I made the critical error of asking her back as Treasurer in 2011.  She is a good bookkeeper and can sign checks and compare invoices to assure they are ours. She likes to hobnob with the powerful. A typical politician.  She even brags about how she accomplished all of this success with a columnar pad.  Insists that computers including spreadsheets are unnecessary.. Hmmm, perhaps that is a part of the problem. LOL.

How much is enough?
Somehow she intends to spend more than the budget that is being used by the 2018 board under such "leadership". How much more out of Operations and Maintenance? Oh, about $116,922 more in 2019 than was spent in 2018.  How can that be?

Never mind that we've had budget surpluses every year since 2012.

We had a large projected surplus in 2017, but 2018 is the largest ever. How large is this? Back in 1998 this individual was on the board and I understand the entire reserves were about $90,000. I'll be posting more about the consequences of this management style. LOL.

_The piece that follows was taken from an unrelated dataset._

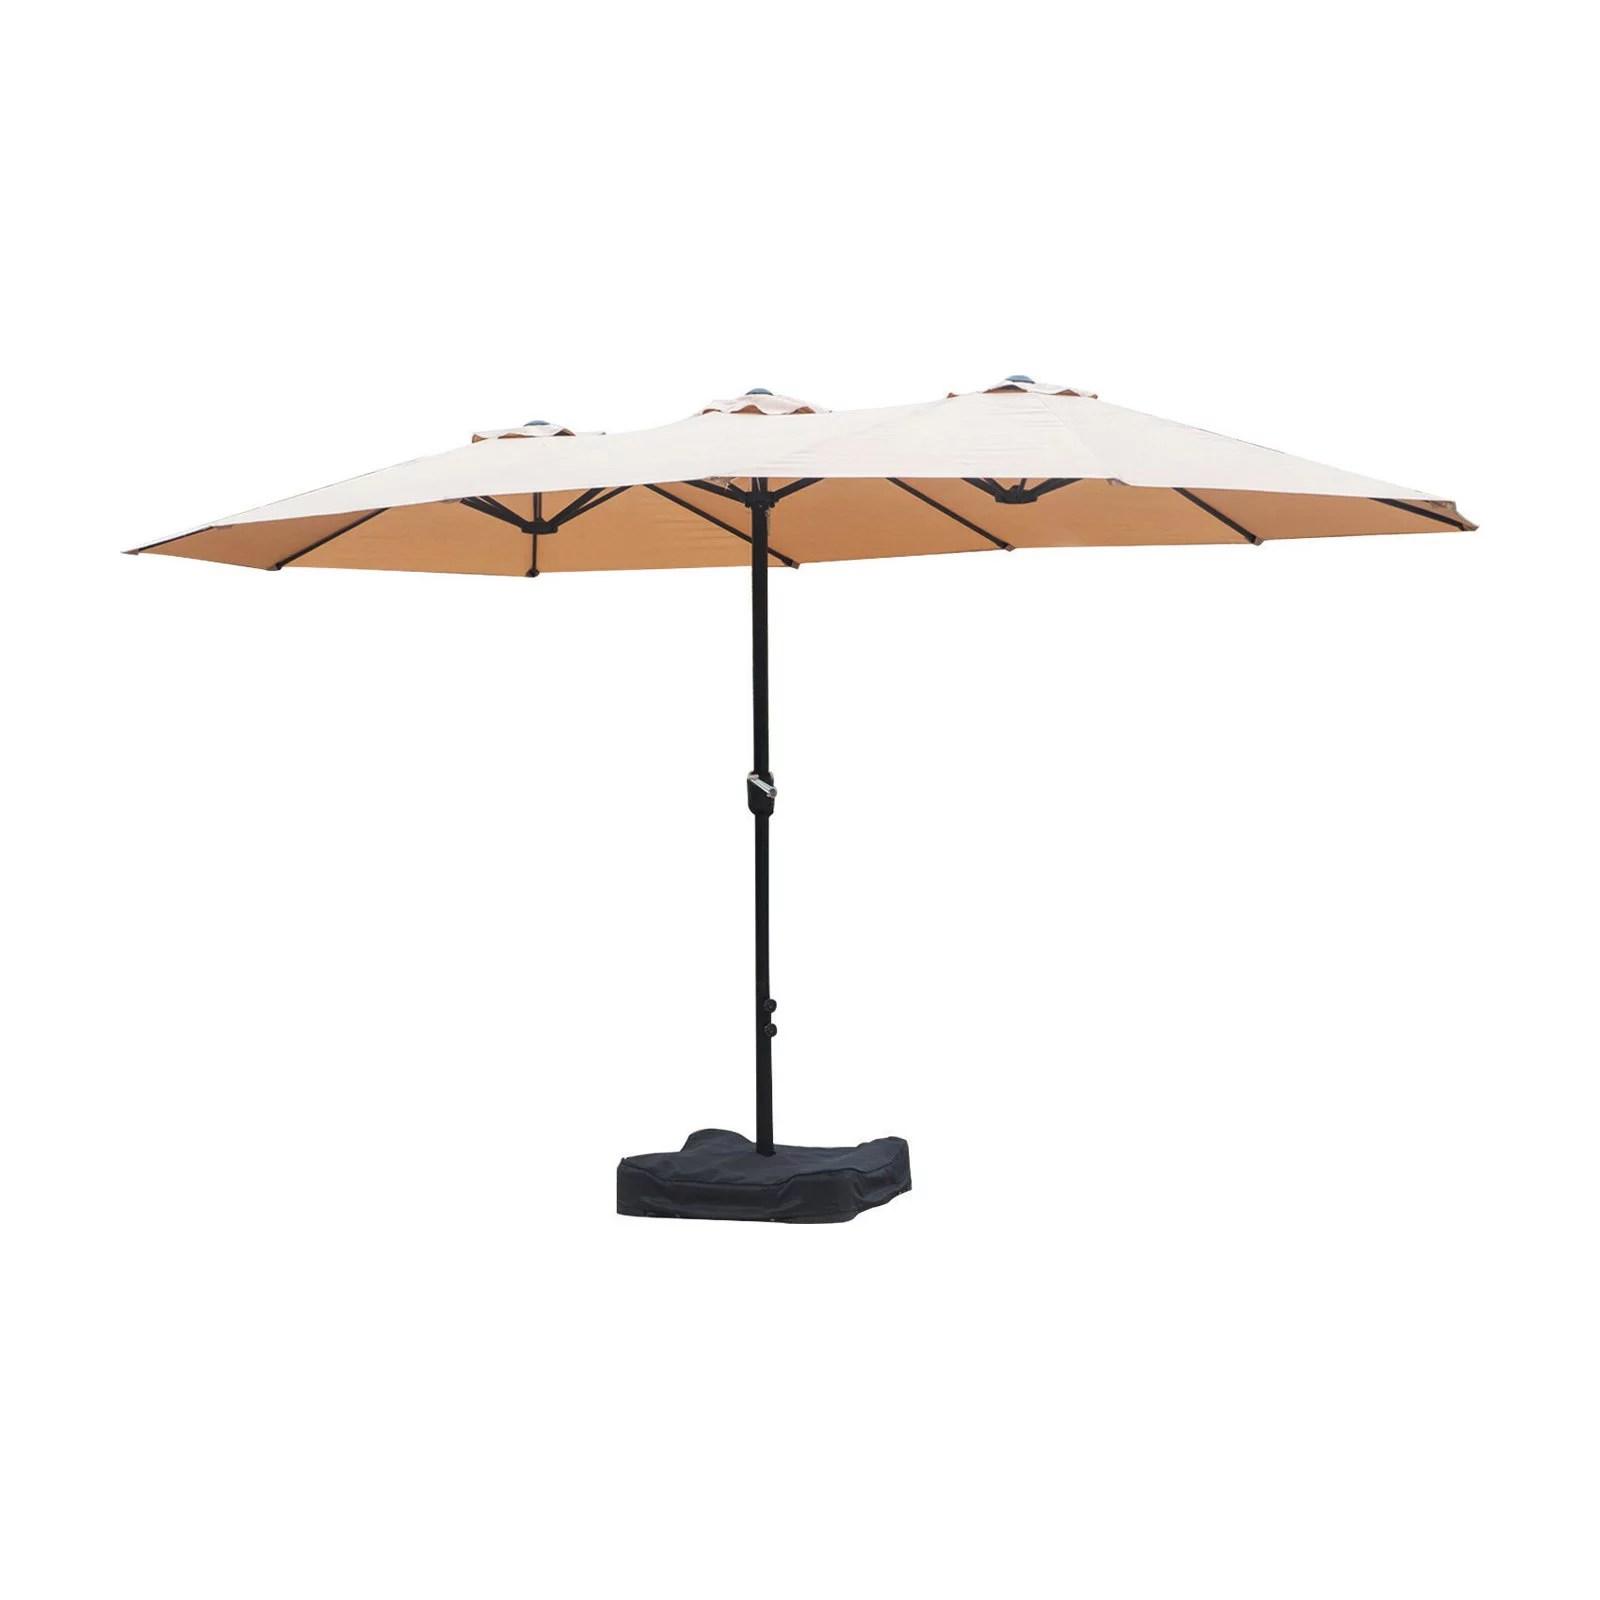 living accents 15 1 ft steel triple canopy patio umbrella with tilt walmart com

The "Fee Raiser" insisted to the one board member who asked "Is this necessary" that "Yes, it is absolutely necessary". So the board ignored the budget surplus and decided to raise fees, apparently just because they can.

The "Fee Raiser" was voted out in 2008 and may be seeking revenge upon the ungrateful owners who booted her and most of her board that year.

I've done the numbers and frankly this is stupid. ? Instead, the board chooses to ignore the projected surplus and is pretending there is a budget issue when there is none. Why is that?

What are the Owners? 
Well, their sole purpose appears to be to generate income for the association, unless they are friends.

Favorite Quotes
Our Fee Raiser is long on quotes:
"Follow the numbers" (apparently only applies to others)
"You can paint a pig but it is still a pig" (describing BLMH)
"You can throw them under the bus" (describing others)
"Stupid is as stupid does" (describing others, including boards and owners)
"You can't teach an old dog new tricks" (proves that!).
etc.

Perhaps she's living by her mottos. Who knows?

I've sent specifics to a few owners. One of the questions I'm asking the board is "How much is enough?"  Apparently as much as she can squeeze from the owners.

I wonder how long it will take to ruin the association?  Any bets?